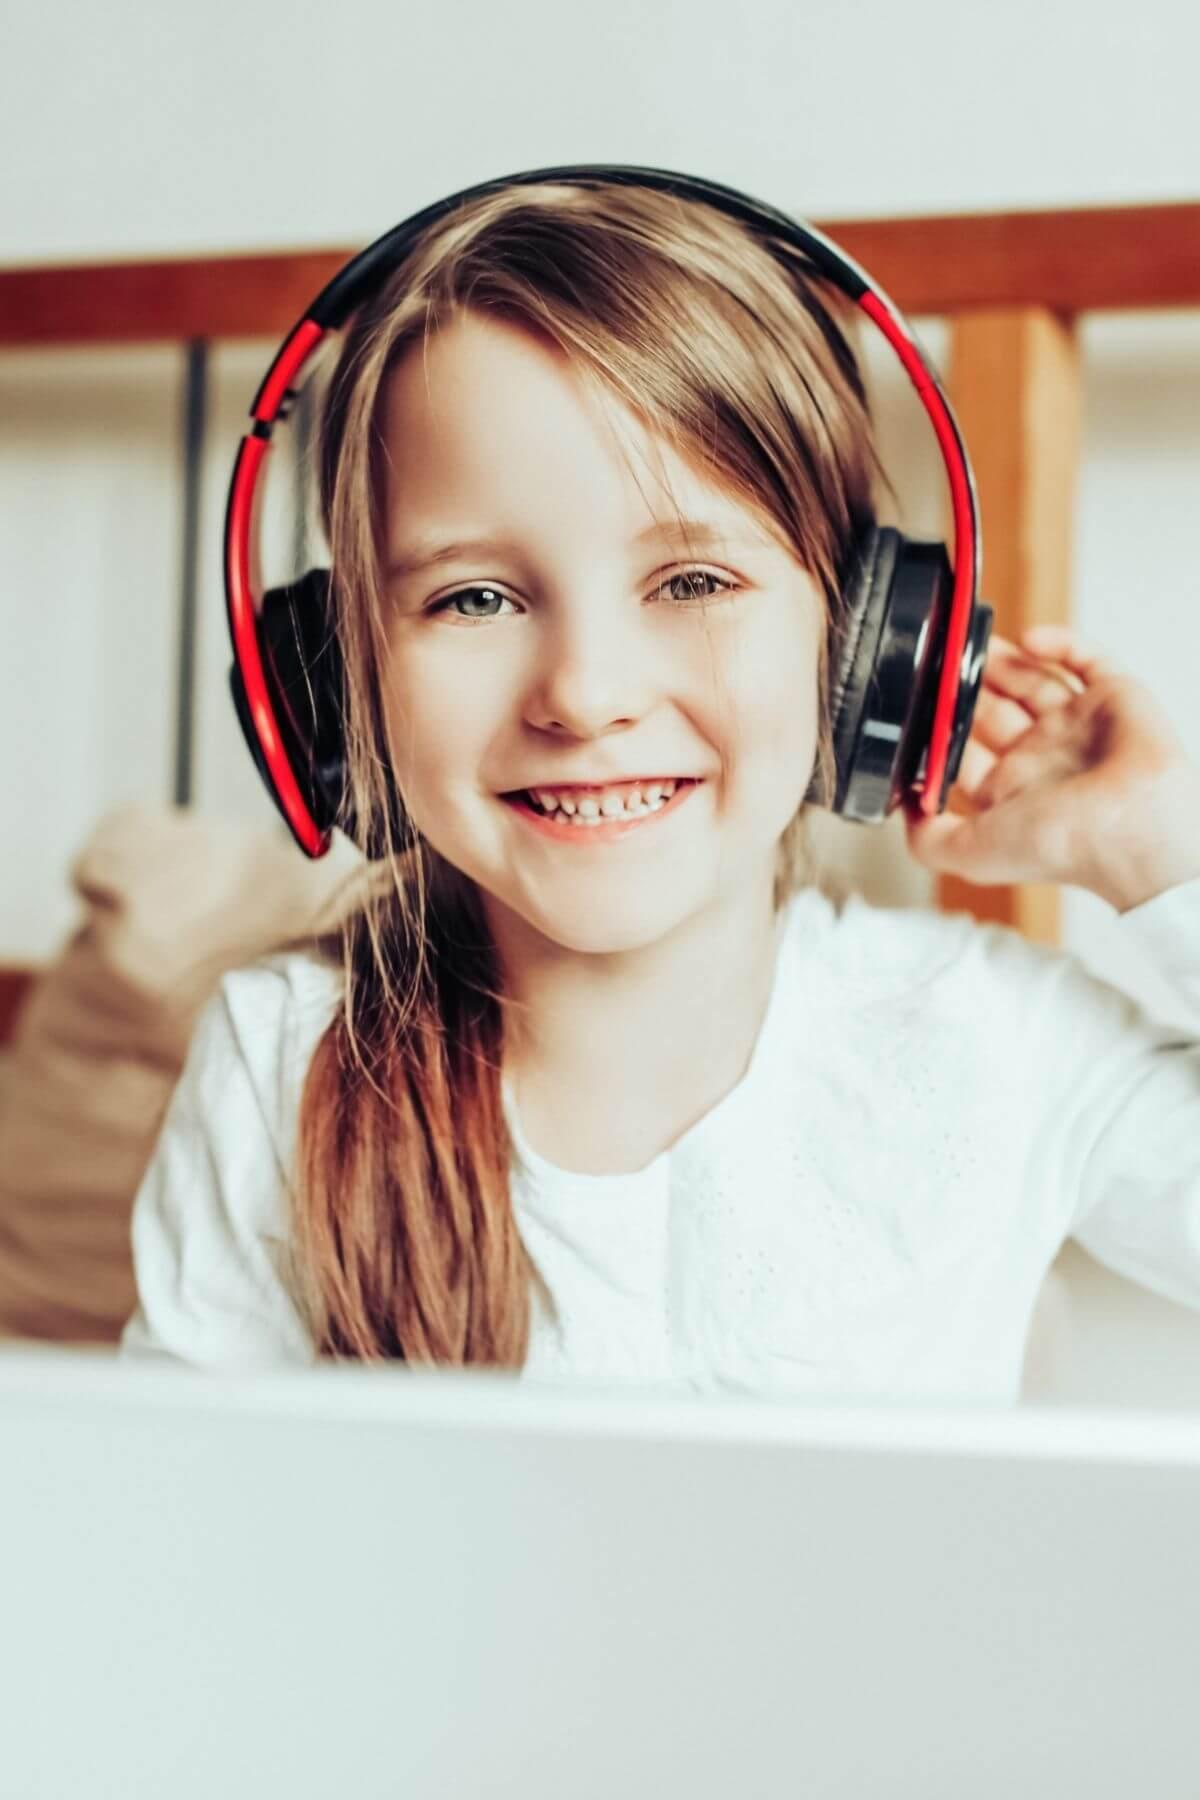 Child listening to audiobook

==

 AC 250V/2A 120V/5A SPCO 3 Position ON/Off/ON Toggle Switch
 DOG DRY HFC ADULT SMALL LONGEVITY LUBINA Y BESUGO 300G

---

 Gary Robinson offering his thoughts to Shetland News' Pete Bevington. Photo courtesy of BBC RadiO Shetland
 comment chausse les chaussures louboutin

YOUR GOAL - Give back precisely the lines above that start at the line containing "AC 250V/2A 120V/5A" and end at the line containing "DOG DRY HFC", inclusive. No other lines belong in the output.

REPLY -
 AC 250V/2A 120V/5A SPCO 3 Position ON/Off/ON Toggle Switch
 DOG DRY HFC ADULT SMALL LONGEVITY LUBINA Y BESUGO 300G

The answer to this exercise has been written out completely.